The short form lease was between the landowner and one of the main billboard companies in Los Angeles. The lease provided that the lessor leases and grants exclusively to the lessee, the entire roof and side walls of the building...for the purpose of maintaining advertising signs, including necessary structures, devises, illumination and connections for a term of five (5) years from date."

Paragraph 5 of the lease stated that "This lease shall continue in full force and effect for its terms and thereafter for subsequent successive like terms unless terminated at the end of such term or any successive like term upon written notice by the Lessor or Lessee served thirty (30) days before the end of such term or subsequent like term."

The lease did not make any mention of a higher rental rate during successive terms.

California Law Regarding Unlimited Extensions In Leases

Presumably the object of the attorney analysis was to determine whether the client had the ability to lease the roof to another billboard operator or whether he had any leverage over the new billboard company in lease negotiations in order to get a higher rent. My role as a real estate attorney was not simply to recite legal precedent but to apply that precedent to a real world situation and figure out a practical solution.

The first issue was whether the original lease is currently valid and enforceable. The lease provides that it "shall continue in full force and effect for its term and thereafter for subsequent like terms unless terminated at the end of such term or any successive term...." In other words the lease appeared to continue indefinitely unless terminated.

A 2012 California Court of Appeals case called Ginsberg v. Gamson (2012) 205 Cal.App.4th 873 addresses this issue at length, holding in the end that the lease in that case did not clearly or unequivocally establish that the tenant had a right to unlimited extensions and therefore limited the tenant to one extension. Here is some of the rationale of the California Court of Appeals.

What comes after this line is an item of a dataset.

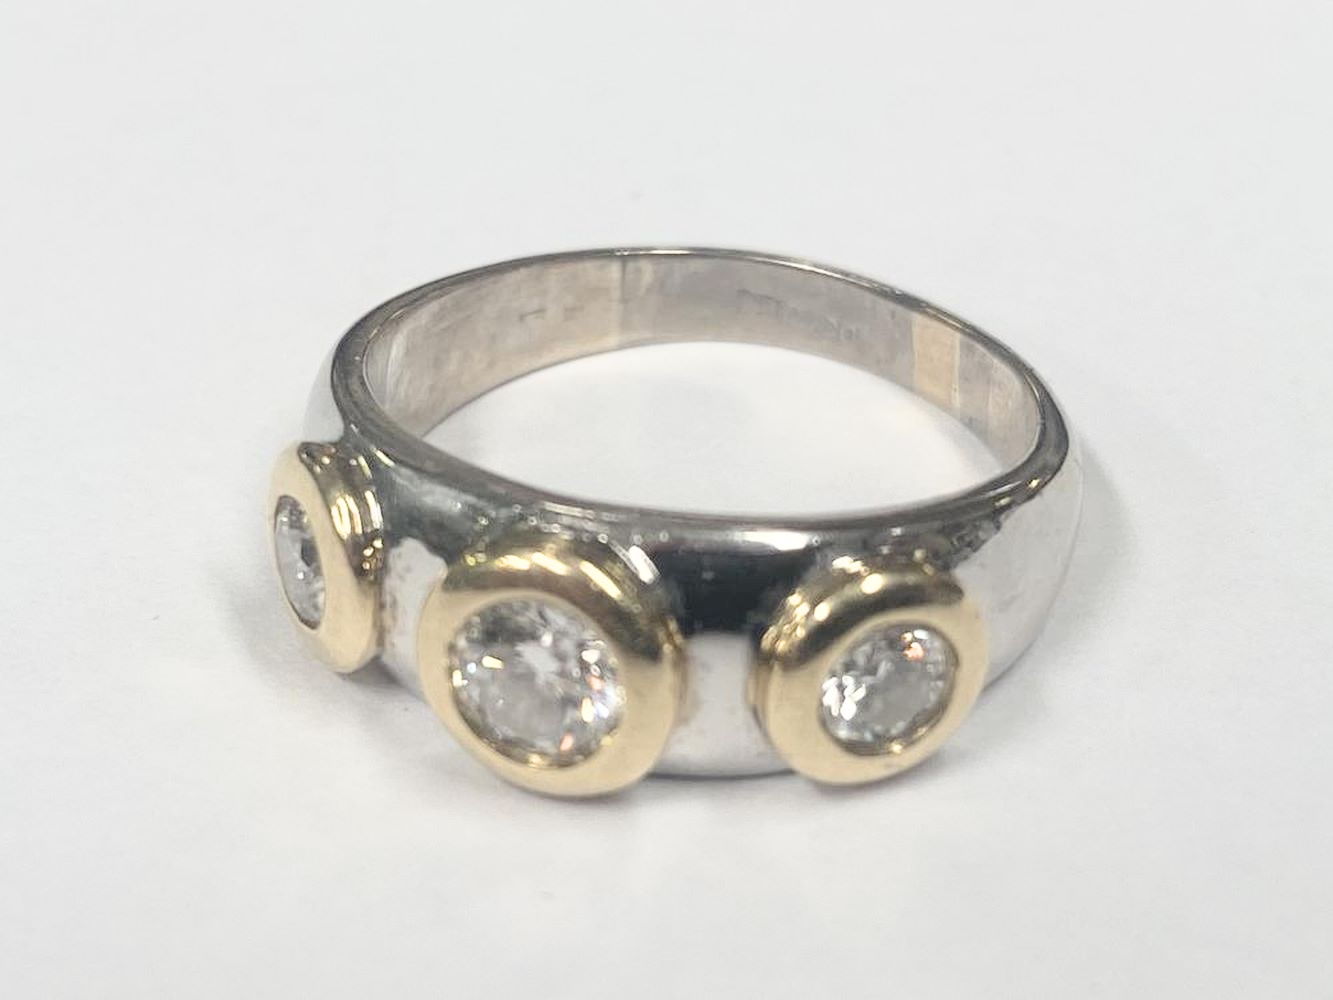 An 18ct yellow & white gold ring set round brilliant cut diamonds
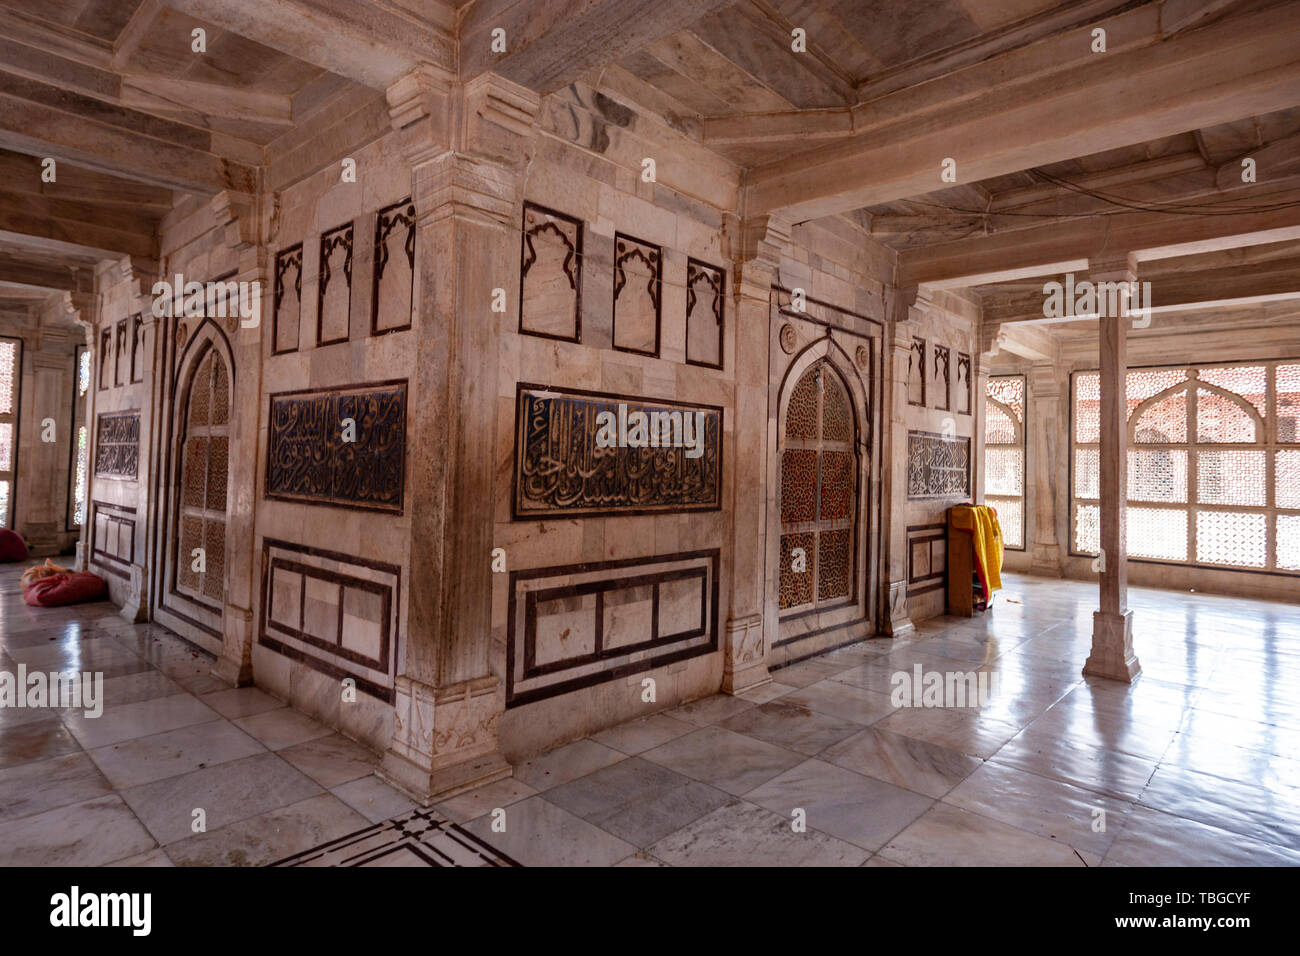 Intricate Jali, stone latticework window, Tomb of Salim Chishti, Jama Masjid, Jama Mosque, Fatehpur Sikri, Agra District of Uttar Pradesh, India. Stock Photo

In general, lease provisions giving the tenant the right to perpetual renewals are disfavored. The California Supreme Court has said that it is against the policy of the law to create a perpetuity. However, the court will enforce a lease provision that grants a tenant the right to unlimited renewals, so long as the parties' intent to create that right is explicit and clear.

When a lease is ambiguous as to whether the tenant has a right to unlimited renewals of the lease, courts will not delve into the matter further to figure out the parties' intent. Instead the court will not construe the provision as creating a right to a perpetual renewal and instead provide only one renewal.

The term "successive" does not clearly or unambiguously indicate an intent to provide perpetual renewals. Some out-of-state courts have required that the language include terms such as "forever," "in perpetuity" or "for all times." On the other hand some courts have pointed to language referencing 'heirs and assigns' as suggesting the possibility of a long-term arrangement.

Overall a court will undertake an analysis of the lease to determine whether it is intended to offer renewals in perpetuity. One factor to take into account is the lack of a rent escalation clause, which would be an unreasonable omission in a perpetual lease. "Of course, parties are free to make bargains that are ill-advised and they will be bound by the contracts they negotiate and enter. But the absence of such "long-term" planning in the lease casts further doubt on the perpetual quality of an extension provision that, on its face, does not clearly and unequivocally provide for unlimited extensions."

California Law Cuts Both Ways In This Situation

In my client's case both sides could make strong arguments as to whether there is an unlimited right to renew in the form lease at issue. The strongest argument for the client is the lack of a rent escalation clause. The tenant cannot be expected to have an unlimited right to rent the space without any obligation to increase its payment over time.

The strongest argument for the billboard company is that the lease does provide the opportunity to cancel the lease every five years. The billboard company will note that the landlord has the opportunity to cancel the lease every five years and that can hardly be construed as a perpetuity.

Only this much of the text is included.